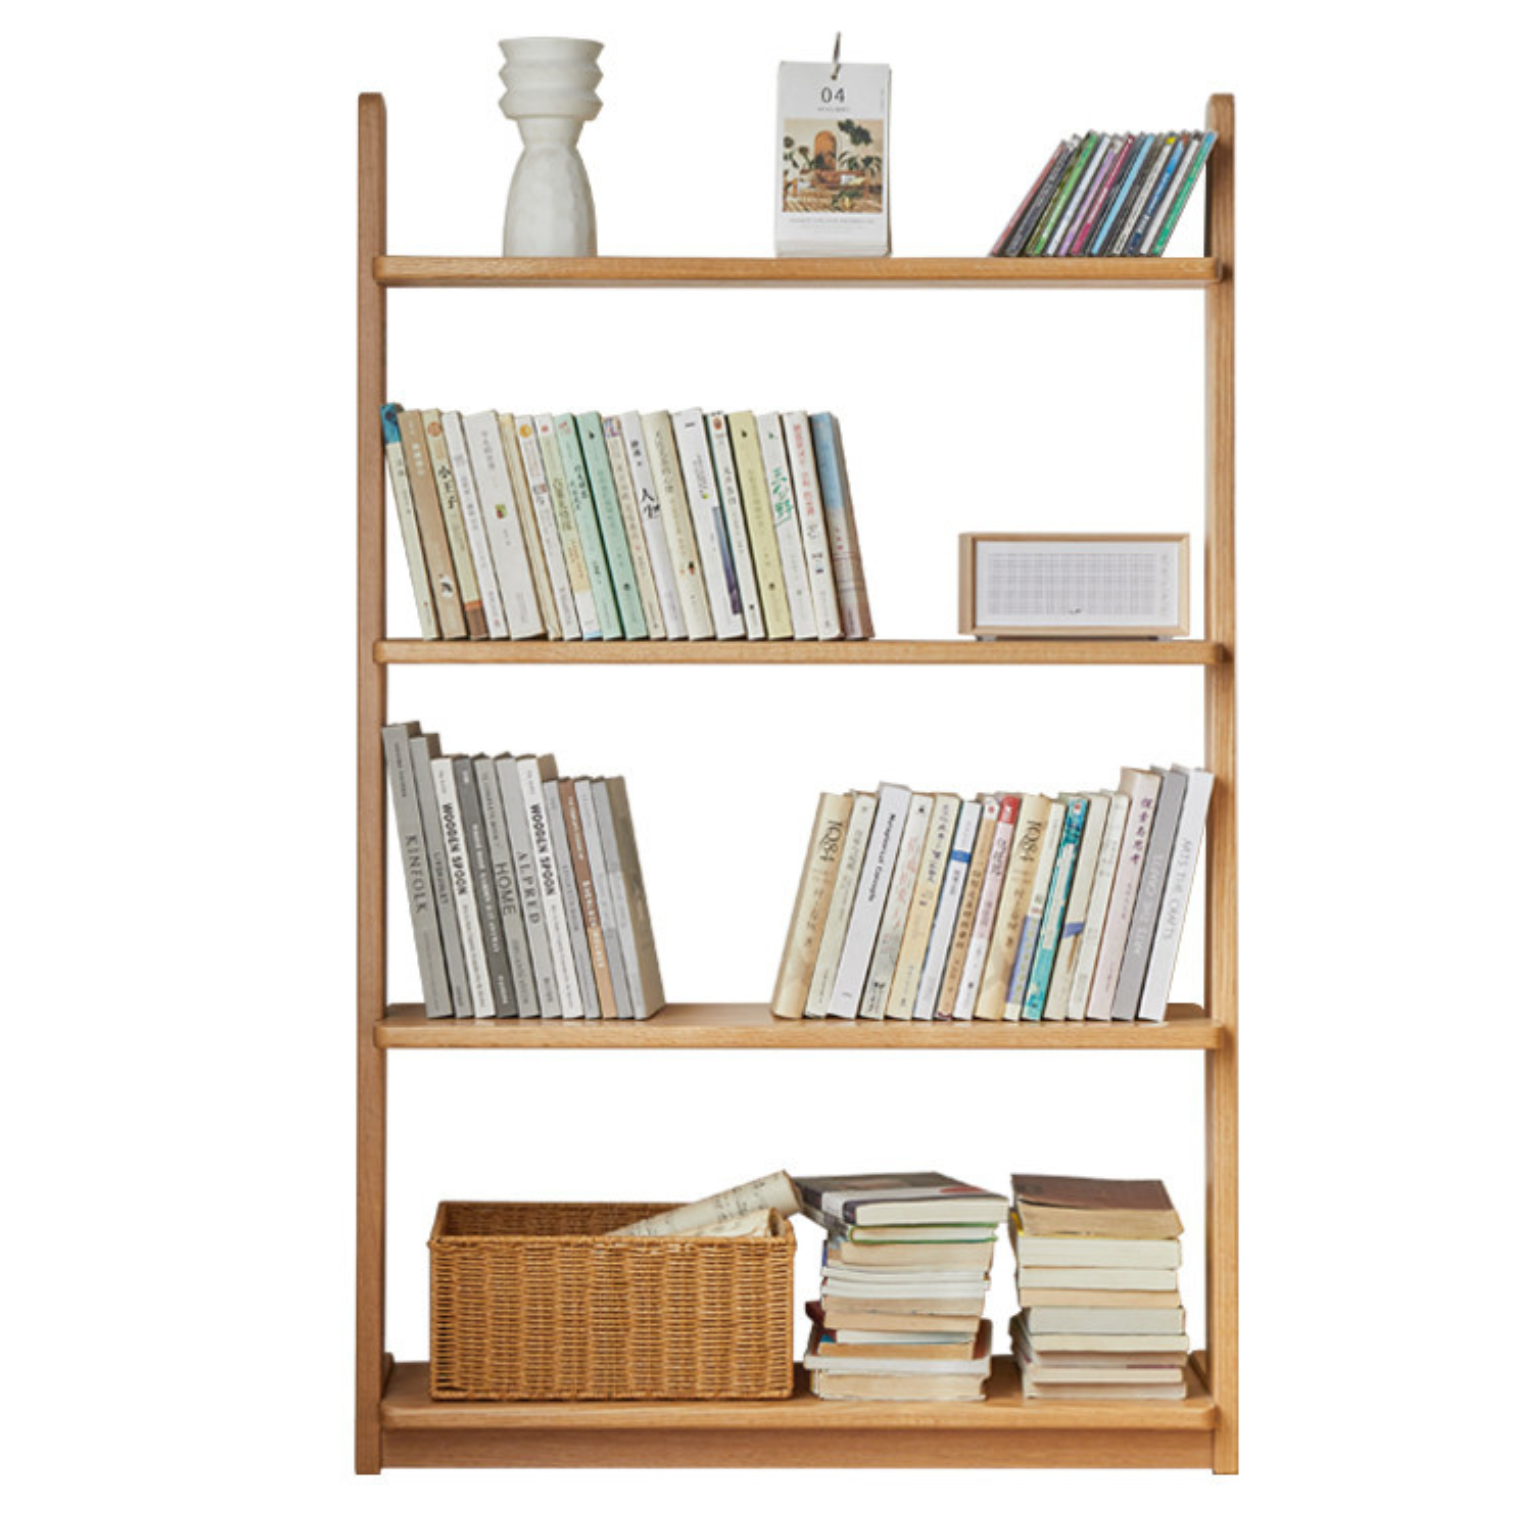 Oak solid wood bookshelf racks -
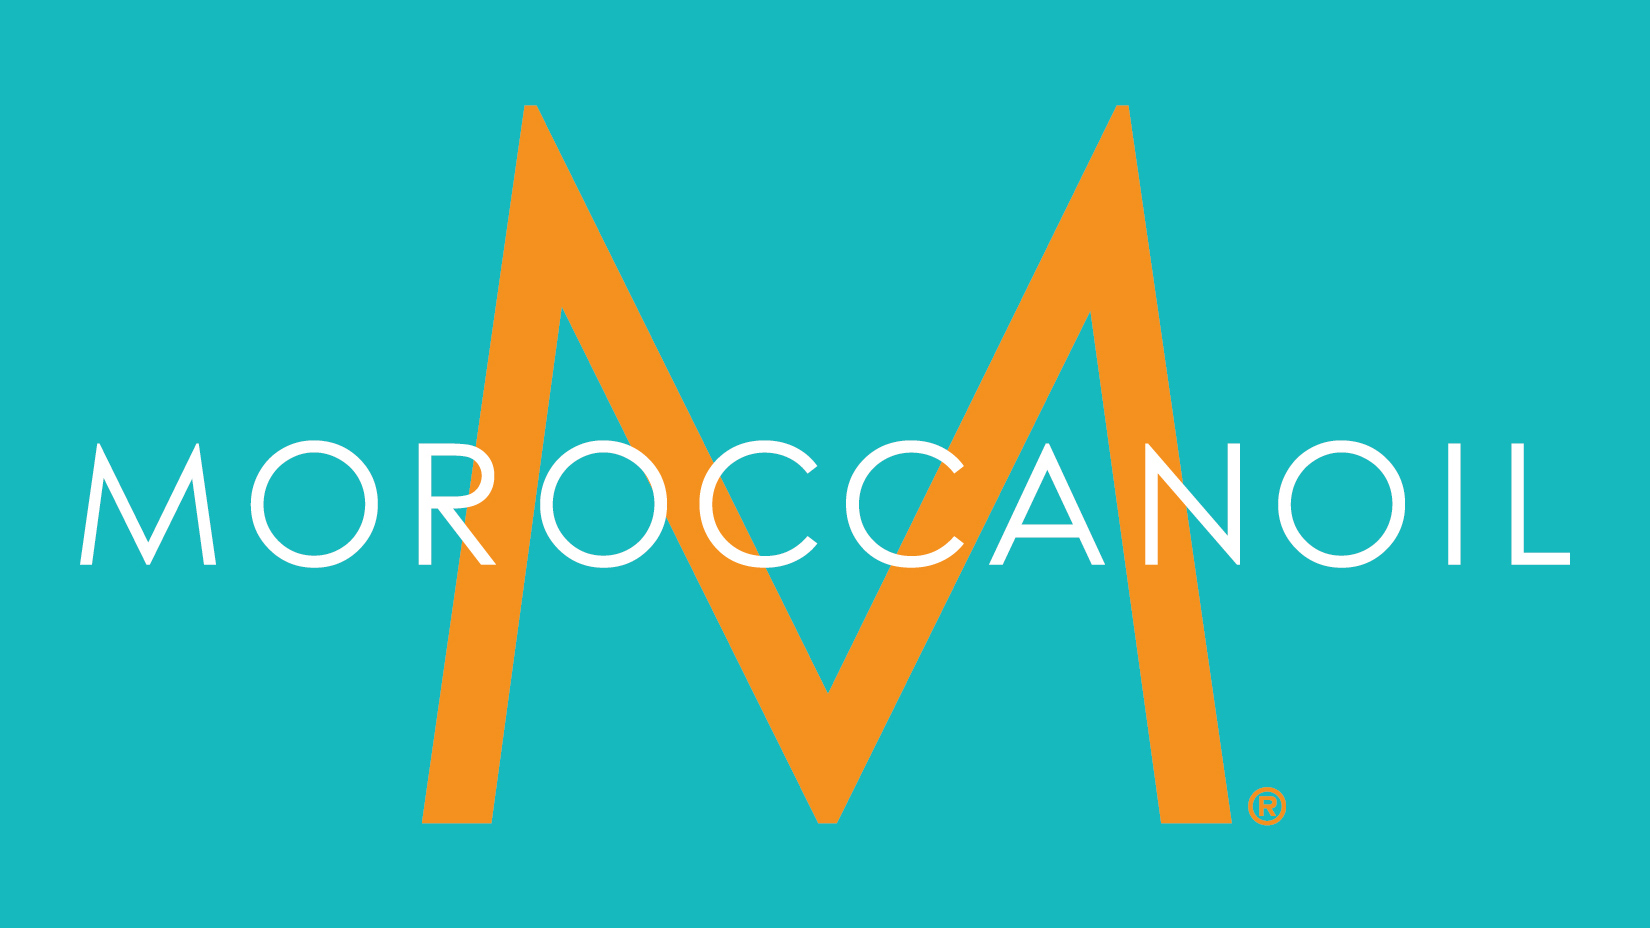 Moroccanoil Logo Image
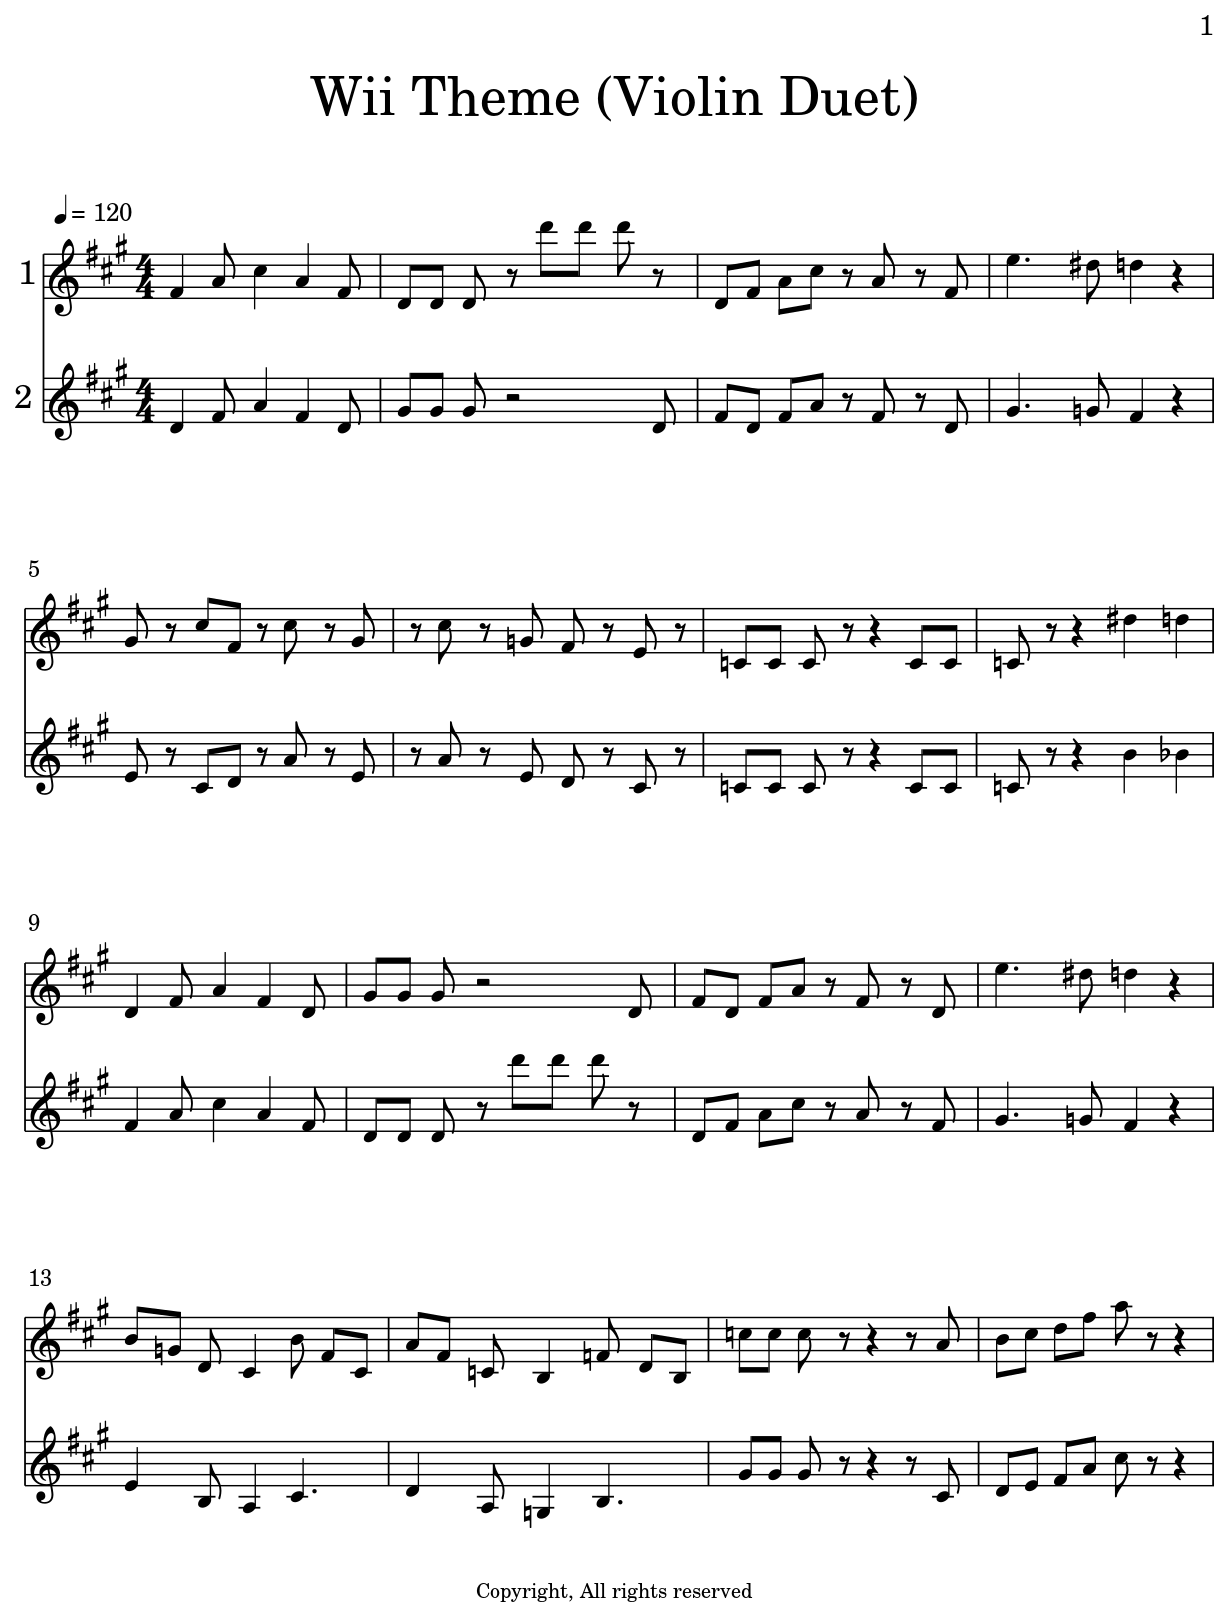 Wii Theme (Violin Duet) - Flat

→ Activity
Excluding pictures, reproduce the listing above exactly as it stands.

→ Problem solution
 Oak solid wood bookshelf racks -
 Moroccanoil Logo Image
 Wii Theme (Violin Duet) - Flat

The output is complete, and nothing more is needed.